Concurrent execution of programs

import Control.Concurrent
import Data.IORef

doWhile cmd cond = do cmd
                      v <- cond
                      if v
                        then doWhile cmd cond
                        else return ()

steps = 100

check cnt = do v <- readIORef cnt
               if v >= steps
                 then return False
                 else return True

thread cnt s = doWhile (do putStrLn s
                           v <- readIORef cnt
                           writeIORef cnt (v+1)
                           threadDelay 1000)
                       (check cnt)

main = do cnt <- newIORef 0
          forkIO $ thread cnt "A"
          forkIO $ thread cnt "B"
          thread cnt "C"

forkIO :: IO () -> IO ThreadId
- Creates a new thread
- Round-robin thread scheduling by default
threadDelay :: Int -> IO ()
- Wait n micro seconds

Observations:

Non-deterministic execution
Data-races!

Mutuable shared variables (MVar)

newEmptyMVar :: IO (MVar a)
newMVar :: a -> IO (MVar a)
takeMVar :: MVar a -> IO a
putMVar :: MVar a -> a -> IO ()
readMVar :: MVar a -> IO a

MVar a
- Either empty or contains a value of type a
takeMVar blocks if empty
putMVar blocks if full
The first waiting takeMVar/putMVar call will be unblocked (wait queue)
readMVar effectively sequence of takeMvar and putMvar
Example

import Control.Concurrent
import Control.Concurrent.MVar

doWhile cmd cond = do cmd
                      v <- cond
                      if v
                        then doWhile cmd cond
                        else return ()

steps = 100

check cnt = do v <- readMVar cnt
               if v >= steps
                 then return False
                 else return True

thread cnt s = doWhile (do putStrLn s
                           v <- takeMVar cnt
                           putMVar cnt (v+1)
                           threadDelay 1000)
                       (check cnt)

main = do cnt <- newMVar 0
          forkIO $ thread cnt "A"
          forkIO $ thread cnt "B"
          thread cnt "C"

MVar guarantees mutually exclusive access to the counter.

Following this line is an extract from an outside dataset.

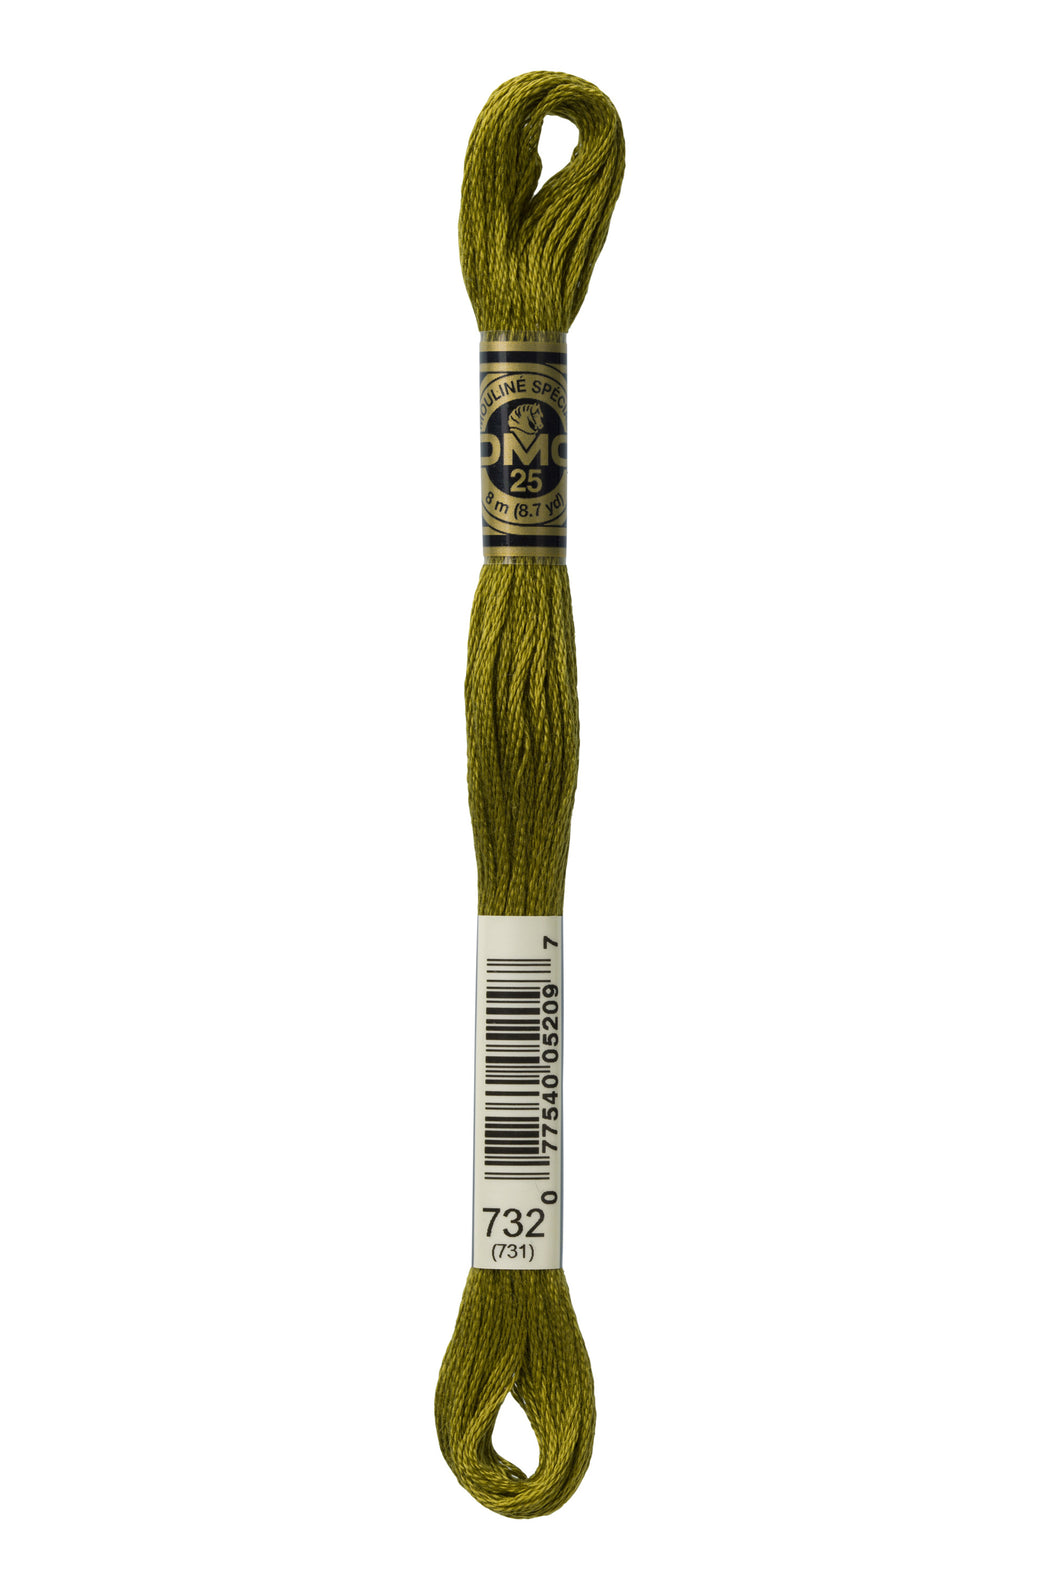 DMC 732 Olive Green 6-Strand Embroidery Floss

Message-passing with channels

MVar represents a one-place buffer
Chan = unbounded FIFO channel

newChan :: IO (Chan a)
writeChan :: Chan a -> a -> IO ()
readChan :: Chan a -> IO a

Chan is built upon MVar. See here http://www.haskell.org/ghc/docs/latest/html/libraries/base/Control-Concurrent-Chan.html

Producer/consumer example

producer ch = do
  mapM_(\x -> do writeChan ch x
                 threadDelay 1000)
       ([1..100] ++ [0])

consumer ch = do
  v <- readChan ch
  if v == 0
   then return ()
   else do putStrLn ("Received : " ++ show v)
           consumer ch

mainCP = do
  ch <- newChan
  forkIO (producer ch)
  consumer ch

Shared-Memory vs Message-Passing (landscape)

Shared-memory:

IORefs
Locks (Mutex), Semaphore
MVar
...

Message-passing:

MVar
Chan
Channel of a fixed buffer size
Actors (a form of Chan, where there are multiple writers but only a single reader)
...

Notice that MVar classifies as shared-memory as well as a message-passing primitve.

-- Message-passing
receive = takeMVar
send    = putMVar

-- Mutex
-- initially full MVar
lock   = takeMVar
unLock = putMVar

Building (concurrency) abstractions

Barrier with `Chan`

type Barrier = (Chan (), Int)

newBarrier :: Int -> IO Barrier
newBarrier n = do b <- newChan
                  return (b,n)

signalBarrier :: Barrier -> IO ()
signalBarrier (b,_) = writeChan b ()

waitBarrier :: Barrier -> IO ()
waitBarrier (b,n) = do mapM (\_ -> readChan b) [1..n]
                       return ()

Initially, a barrier is represented by an empty channel and (fixed) quantity $n$ .
Each signal writes a (void) value into the channel.
Wait performs $n$ reads and therefore will block if not all signals have come through yet.

Select with `MVar`

Often we're only interested if at least one of some tasks has some finished.

select = do
  m  <- newEmptyMVar 
  forkIO $ do task1
              putMVar m "Task1 Done"

  forkIO $ do task1
              putMVar m "Task2 Done"

  r <- takeMVar m

  return ()

Each tasks signals via putMVar.
The main thread waits by calling takeMVar.
Once if one of the tasks has signaled, the main thread will proceed.
Note that only one thread will "win" here.

Futures/promises

Futures/promises are a concurrent data structures to manage (not yet completed) computatations in a non-blocking (asynchronous) fashion.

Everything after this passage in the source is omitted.